Many of us understand fully the implications of a continuation of the above mentioned model and have decided to do something about it. We are beginning a transition to a life of liberty. You still have many options to do this, it takes work, but it is the most rewarding work you can involve yourself in. By ditching the status quo you open up your life to diverse relationships and opportunities to excel in the modern world, all the while acting as a steward to the environment and community.

The first step is perhaps the most difficult. This is the moment of clarity, the time that you realize all is not as it seems and the system is not all you thought it was. You can come to this realization in different ways, for me it was a change in diet and research into the industrial food model paired with the new lease on life given to me through sobriety. I found that everything I was taught about diet and health was complete bullshit, this kind of pissed me off and I began to dig deeper into the crooked world of politics and the machine that we are all plugged in to. I was in tin foil hat beast mode. Do not let this phase detour you. It is a necessity in your path and it won't last forever. If you can just try to keep it to yourself, I had a hard time with that and had to tone down the rhetoric a few times. You have to keep your humility in this stage otherwise you could risk harming some relationships that could be important to you in the future.

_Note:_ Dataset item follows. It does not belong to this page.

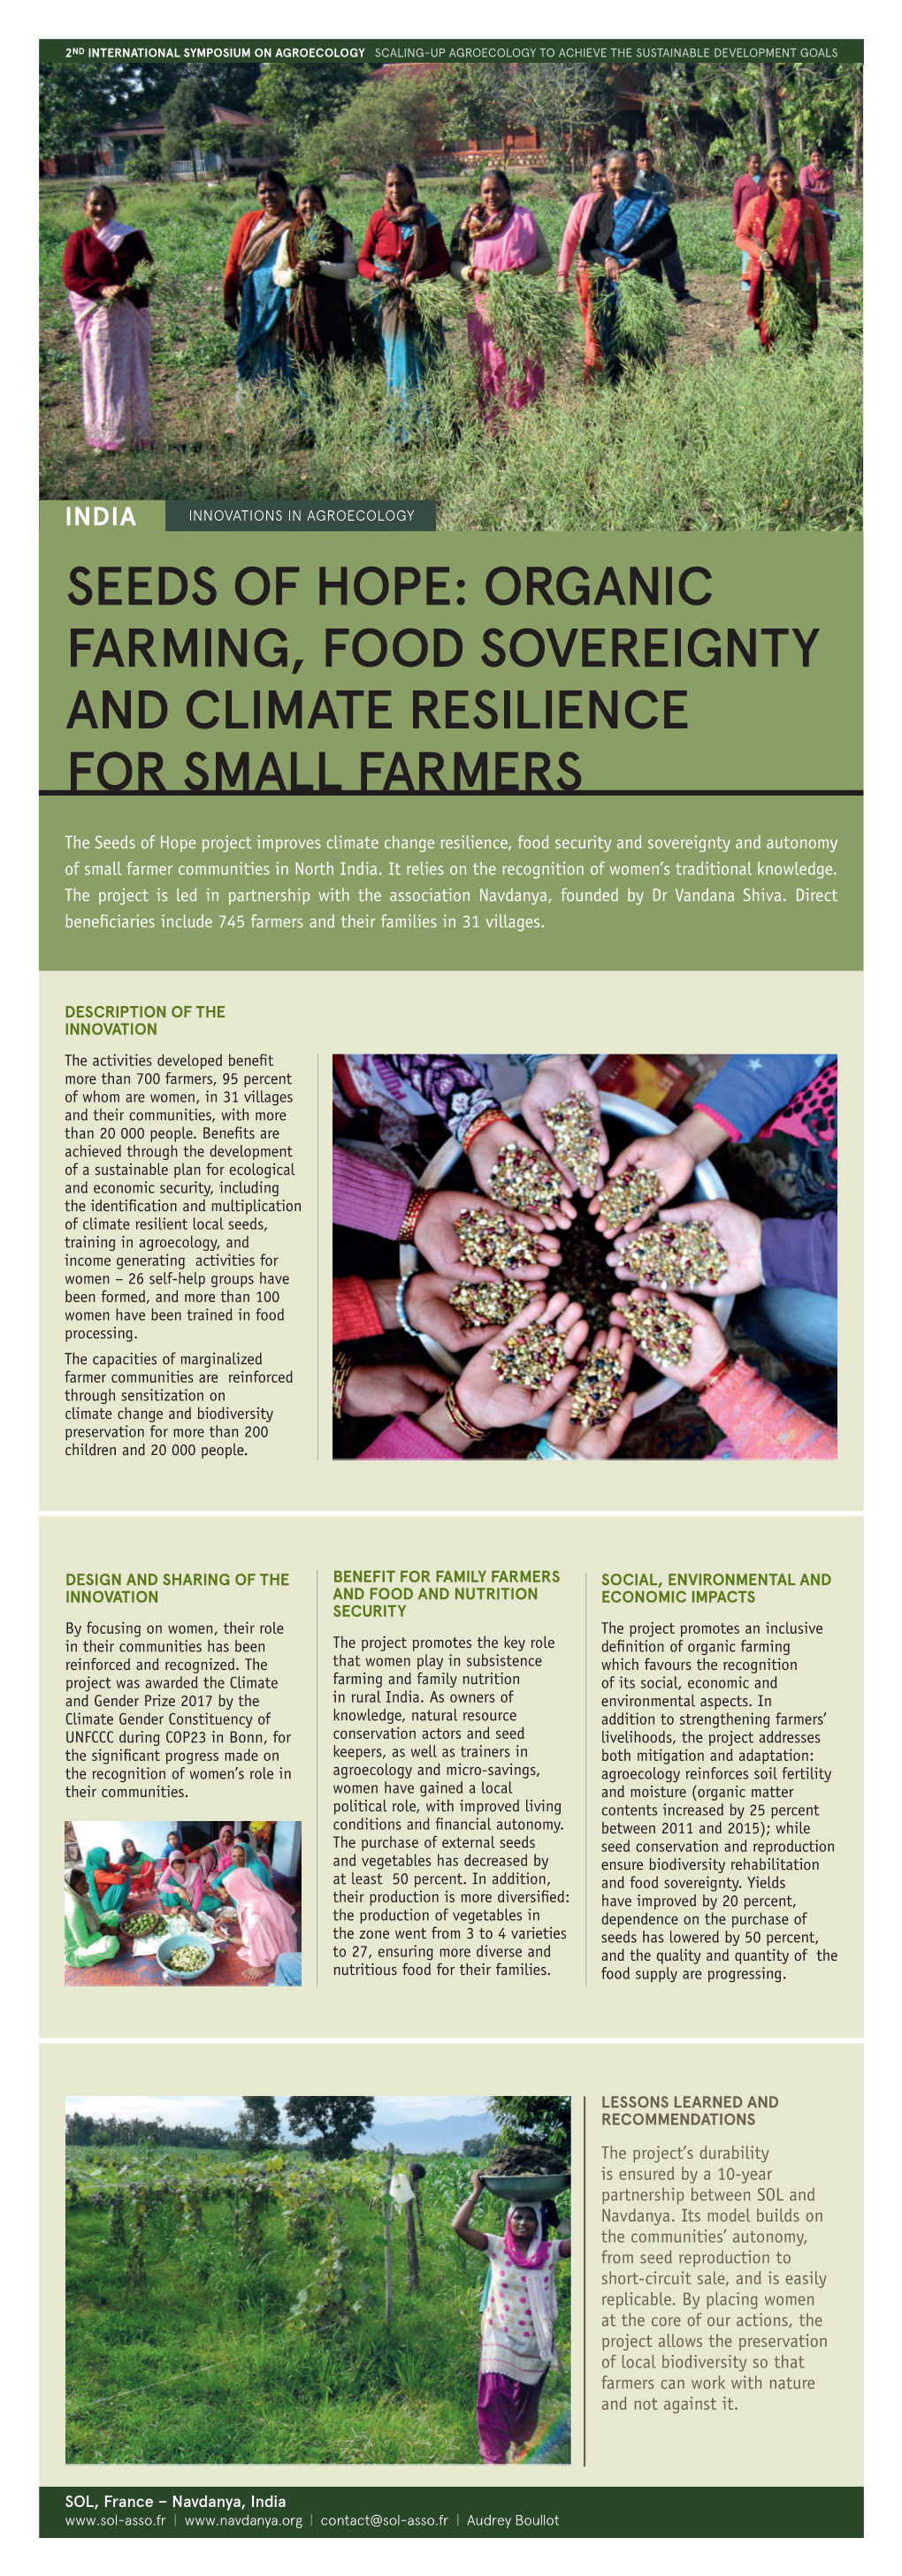 Seeds of Hope: Organic Farming, Food Sovereignty and Climate Resilience for Small Farmers

Once you get over the shock of reality you must begin to act. Your path will be dependant on your particular situation but I am almost certain you will come to one common conclusion. You need to learn how to grow some of your own food. Let me suggest one thing, do it without chemicals. You create enough of your own waste, build a compost system. This should be your first action because compost takes a little time, and your plants will need it. Like I said before, creating your own freedom takes work.
If you are short on skills gardening is a terrific place to start building a solid skillset that you will be able to teach to others. There is no better place to learn about tools and the maintenance of tools and equipment. You will learn simple construction methods and ways to design effective and economical systems to increase your production in your given space. It's a hobby that provides you with so much more than food it is almost impossible to explain how important it is in a life of liberty.